Background and Objectives
Eyelid myoclonia (EM) with absences (EMA) is a generalized epilepsy syndrome with a prognosis and clinical characteristics that are still partially undefined. We investigated electroclinical endophenotypes and long-term seizure outcome in a large cohort of patients with EMA.
In this multicenter retrospective study, patients with EMA with ≥5 years of follow-up were included. We investigated prognostic patterns and sustained terminal remission (STR), along with their prognostic factors. Moreover, a 2-step cluster analysis was used to investigate the presence of distinct EMA endophenotypes.
We included 172 patients with a median age at onset of 7 years (interquartile range [IQR] 5–10 years) and a median follow-up duration of 14 years (IQR 8.25–23.75 years). Sixty-six patients (38.4%) displayed a nonremission pattern, whereas remission and relapse patterns were encountered in 56 (32.6%) and 50 (29.1%) participants. Early epilepsy onset, history of febrile seizures (FS), and EM status epilepticus significantly predicted a nonremission pattern according to multinomial logistic regression analysis. STR was achieved by 68 (39.5%) patients with a mean latency of 14.05 years (SD ±12.47 years). Early epilepsy onset, psychiatric comorbid conditions, and a history of FS and generalized tonic-clonic seizures were associated with a lower probability of achieving STR according to a Cox regression proportional hazards model. Antiseizure medication (ASM) withdrawal was attempted in 62 of 172 patients, and seizures recurred in 74.2%. Cluster analysis revealed 2 distinct clusters with 86 patients each. Cluster 2, which we defined as EMA-plus, was characterized by an earlier age at epilepsy onset, higher rate of intellectual disability, EM status epilepticus, generalized paroxysmal fast activity, self-induced seizures, FS, and poor ASM response, whereas cluster 1, the EMA-only cluster, was characterized by a higher rate of seizure remission and more favorable neuropsychiatric outcome.
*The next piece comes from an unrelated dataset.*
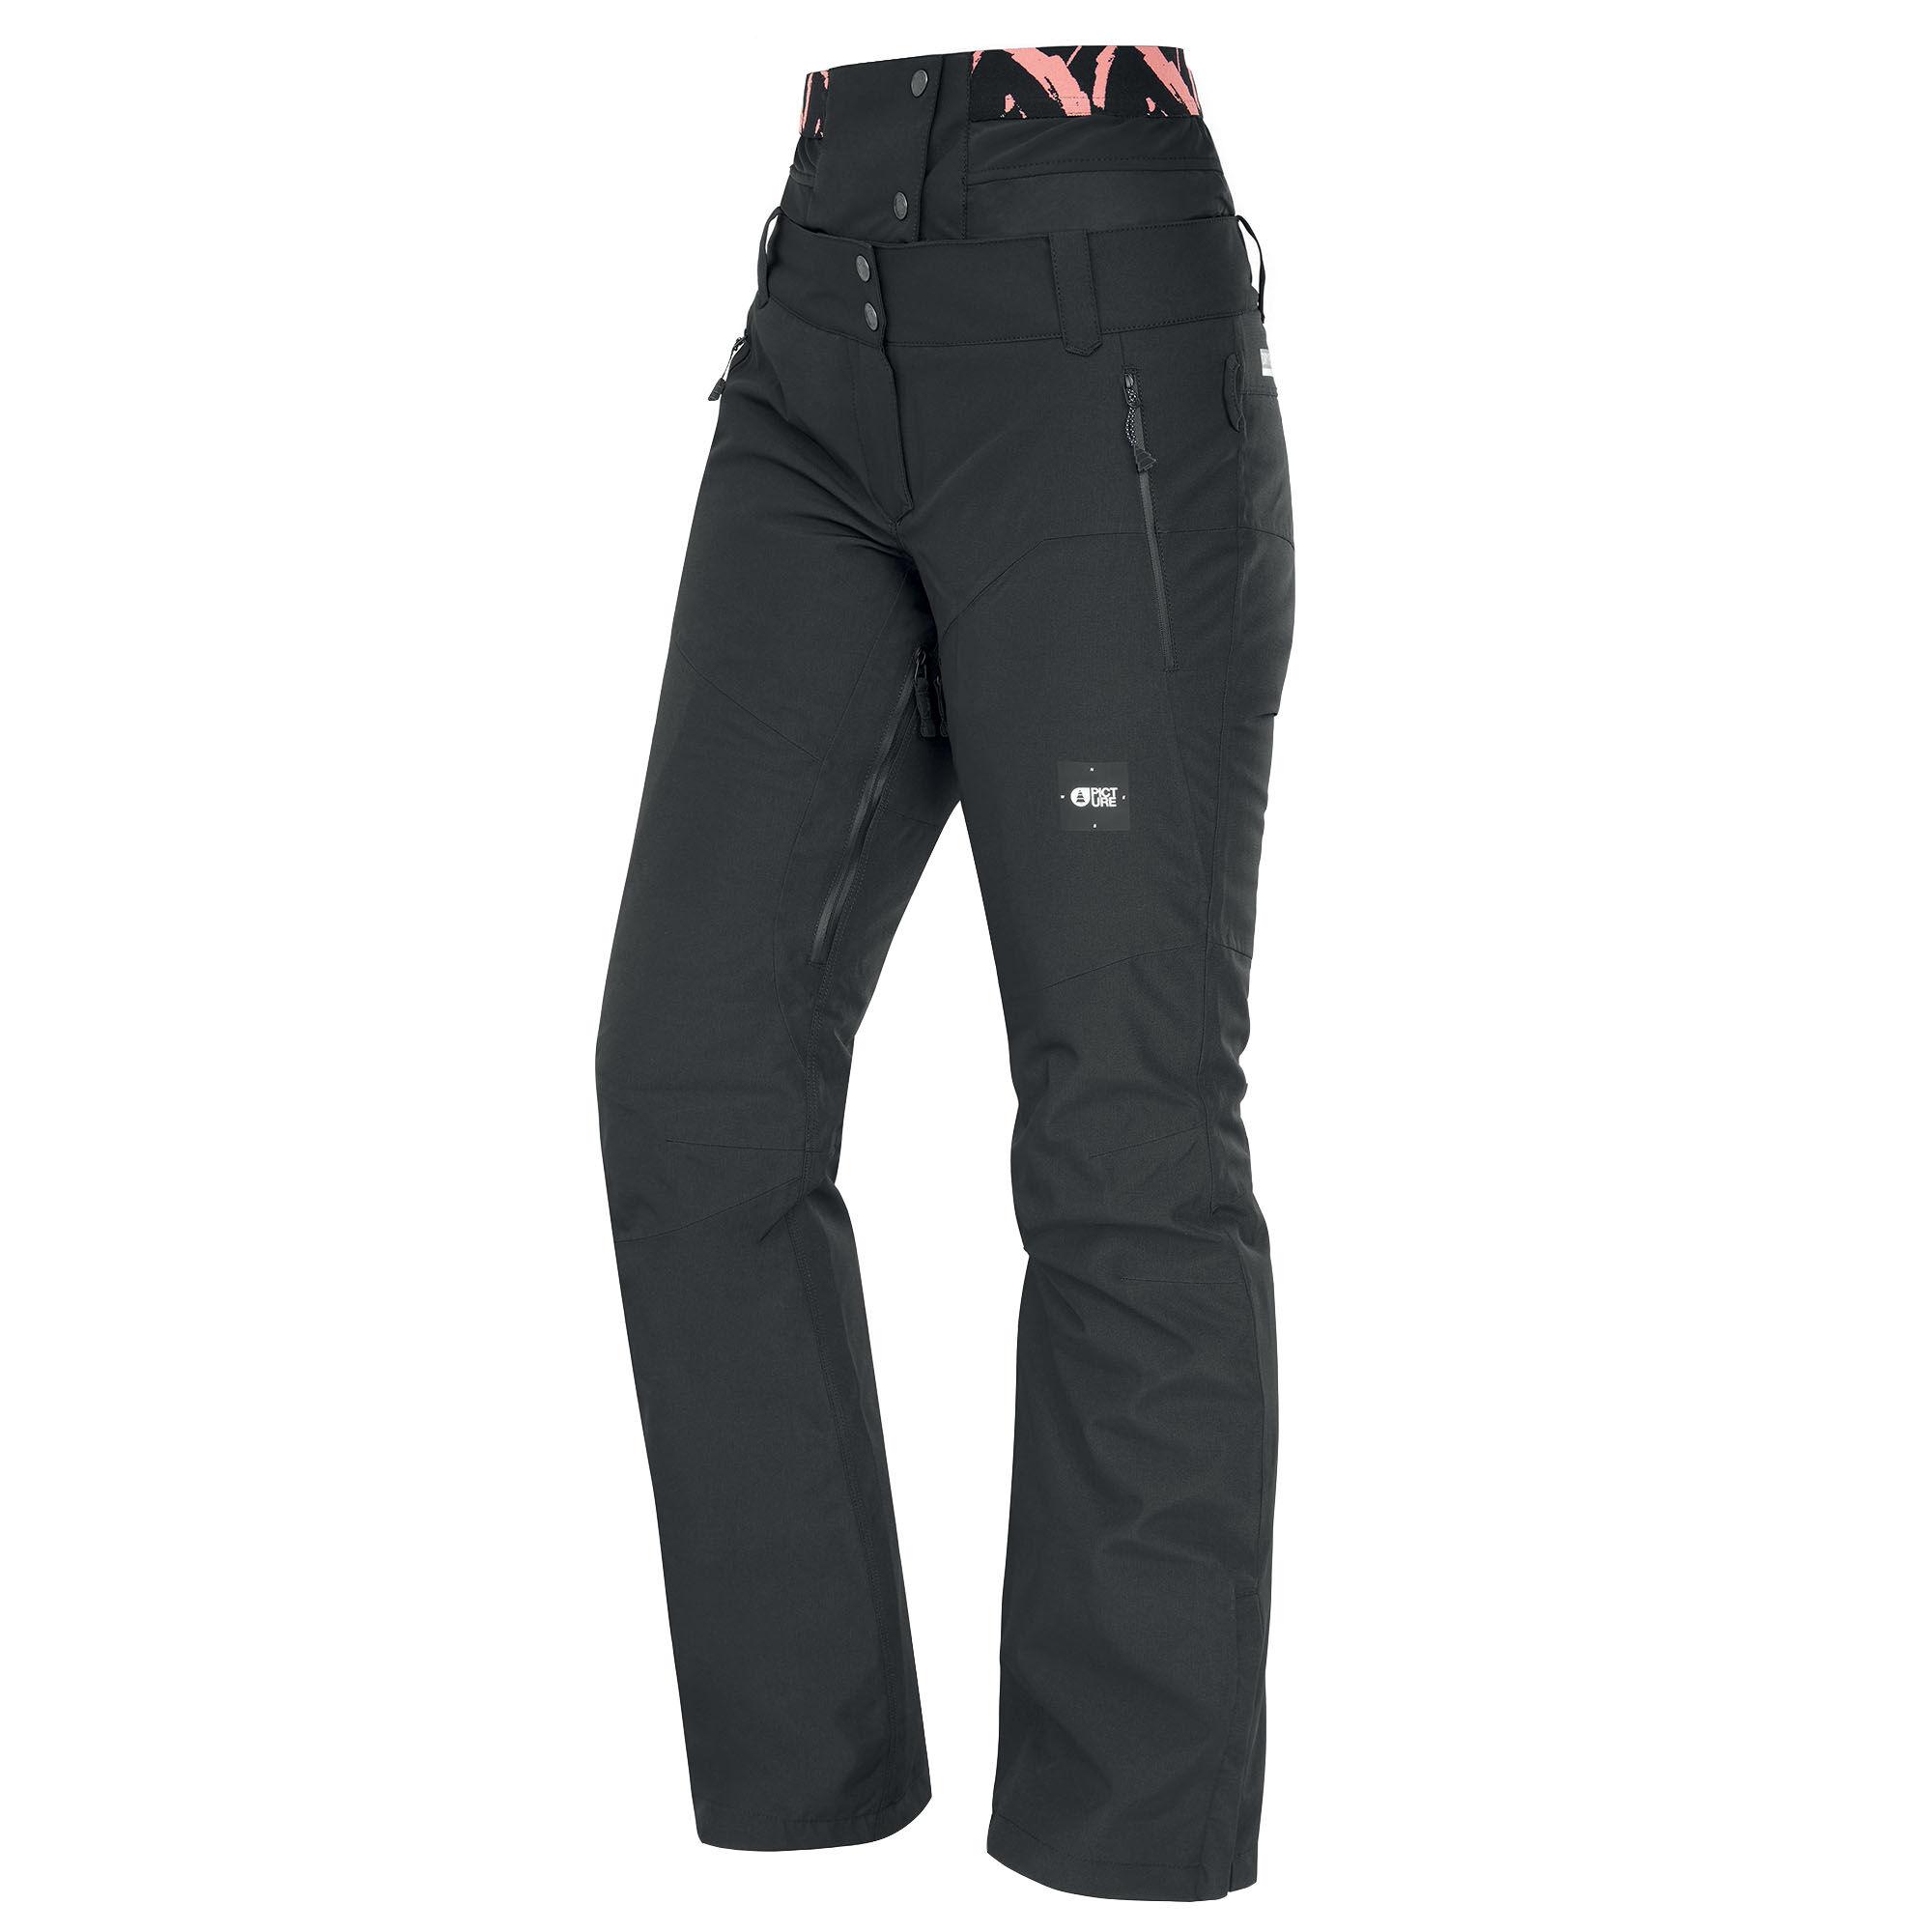 Picture Organic Clothing Women's Exa Snow Pants  - Peonies Black - Size: Medium

Early epilepsy onset was the most relevant prognostic factor for poor treatment response. A long latency between epilepsy onset and ASM response was observed, suggesting the effect of age-related brain changes in EMA remission. Last, our cluster analysis showed a clear-cut distinction of patients with EMA into an EMA-plus insidious subphenotype and an EMA-only benign cluster that strongly differed in terms of remission rates and cognitive outcomes.